Today, we continue our series that focuses on certain aspects of the Saint Vincent and the Grenadines Protection of Employment Act, 2003. This week we look at Terms of employment in writing, and Termination for good cause. The Act states as follows:

“8. (1) Save in the case of daily paid and weekly paid workers, an employer shall inform an employee in writing of the terms and conditions of employment and such terms and conditions shall include:

(a) The date of commencement of employment;
(b) The name and address of the employer and the employee;
(c) The rate of pay, the overtime rate if any and the pay period;
(d) The probationary period if any;
(e) The hour of work including time off and rest period, if any;
(f) The rate of vacation, sick and maternity leave if applicable; and
(g) The duties to be performed.”

This is explicit. An employee should be given a written document outlining the terms of the employment relationship within seven working days of employment.

There are cases where employees are employed but are afraid to ask about the condition of employment because they are afraid they would be fired. A law abiding employer would ensure that the employee is in the know. That the employee is told or shown how to determinate their hourly rate and how to calculate their overtime pay. In so doing, the employee will be able to determine if a mistake was made with their wage calculation. The employee should know if they are on probation and for how long. When the probationary period has elapsed, the employee has a right to enquire about a letter of confirmation and whatever benefits they may be entitled to.
The employee should also be aware that during the probationary period the employment relationship can be terminated at any time by either party and only wage for period worked or notice will be due. The employee should also be aware of vacation, sick leave, maternity or, as is the case now, paternity leave entitlement. The employee should be given a job description outlining the duties and responsibilities. Where the job description has been agreed upon and signed, an employee cannot refuse to carry out the assigned work. Where it is alleged that the assigned tasks are impacting the employee’s health, the employee is expected to produce a certified doctor’s report of such.

Termination for good cause: The Act states “(1) The services of an employee may be terminated for good cause, and any employee whose service is so terminated shall not be eligible to receive from his employer severance pay under Part III of this Act.”

Point to note, severance pay is not applicable for all terminations. The term “Termination for good cause” means that the employee has given the employer a good reason to sever the employment relationship. Where the employee’s actions warrant termination, severance is not paid. Termination for good cause could be in the form of a summary dismissal i.e. termination for a matter without applying other forms of disciplinary procedures. Or, it could be after the employee would have received several warnings and chances to correct negative behaviours or poor performance.

According to the Act, an employee could be terminated without severance if found guilty of repeated misconduct. For example, if an employee’s negligence resulted in property damage. If this is a repeated offence and the employee was warned on previous occasions about their behaviour, but the negligent behaviour continued.

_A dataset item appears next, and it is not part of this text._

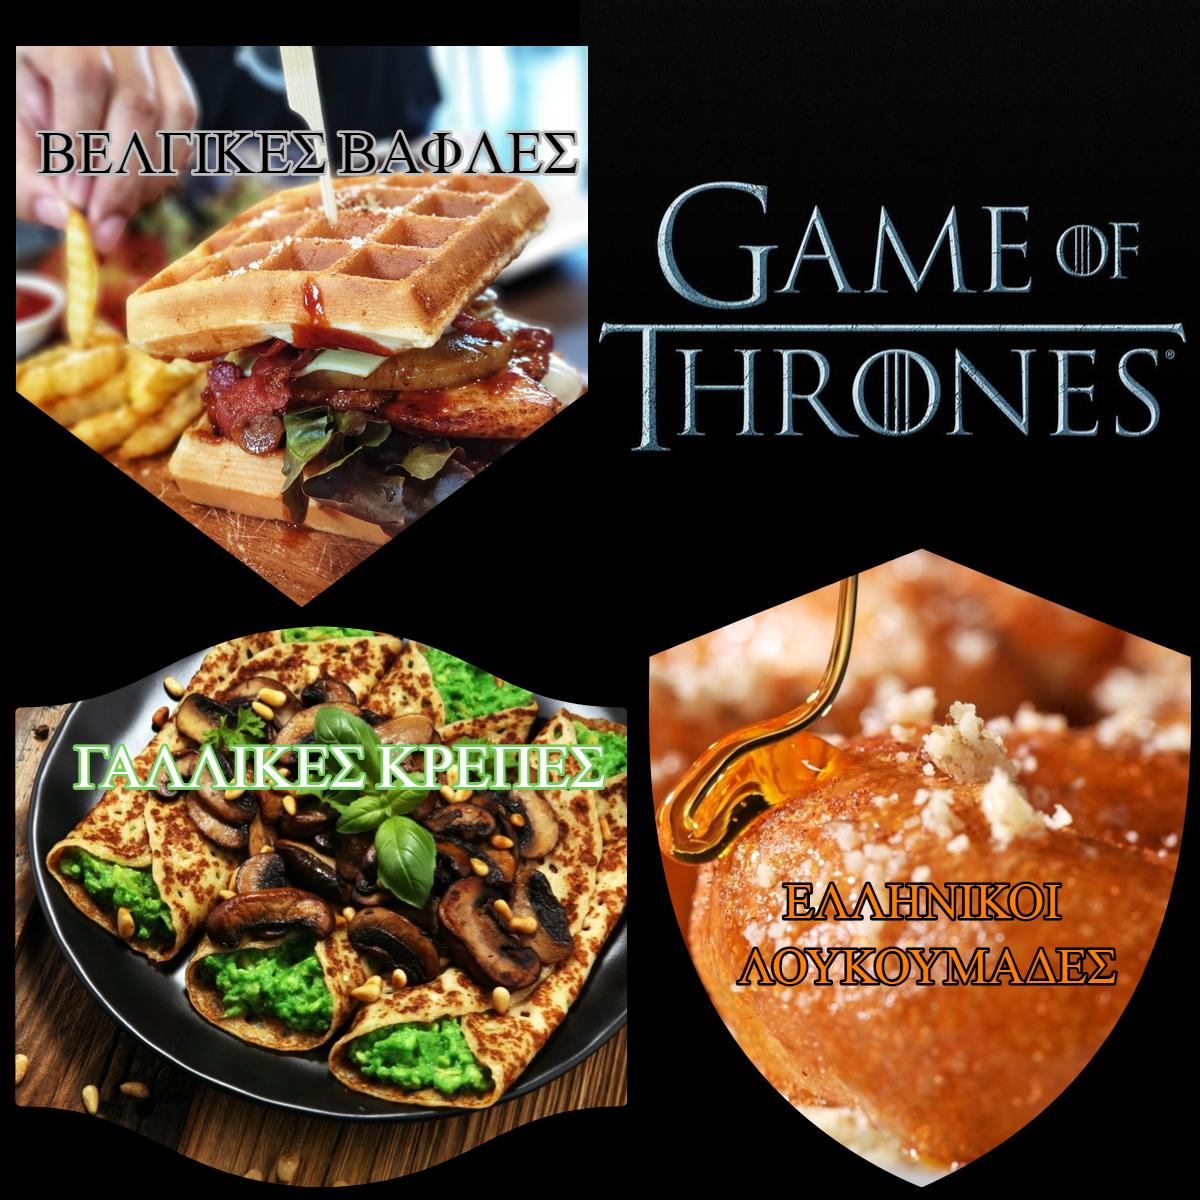 GAME OF THRONES - ΤΜΗΜΑ: ΕΛΛΗΝΙΚΟΙ ΛΟΥΚΟΥΜΑΔΕΣ

The employee could be terminated for good cause.

Another reason for termination for good cause is unsatisfactory performance. In this case, if over a six-month period, the employee received verbal and written warnings about their conduct and performance and the consequence of the persistent behaviour. Also, that the warnings were done in the presence of two credible witnesses.

It must also be noted that the employee must know that he/she is being warned. There are cases where managers claimed that employees were warned but employees denied ever being warned. Usually, in those cases, a manager may have made a “passing comment” to an employee or, composed a generic memo to the entire company or department instead of dealing directly with the offending employee. A warning should be done in the presence of two credible witnesses and a warning letter should be signed by the employee in acknowledgment.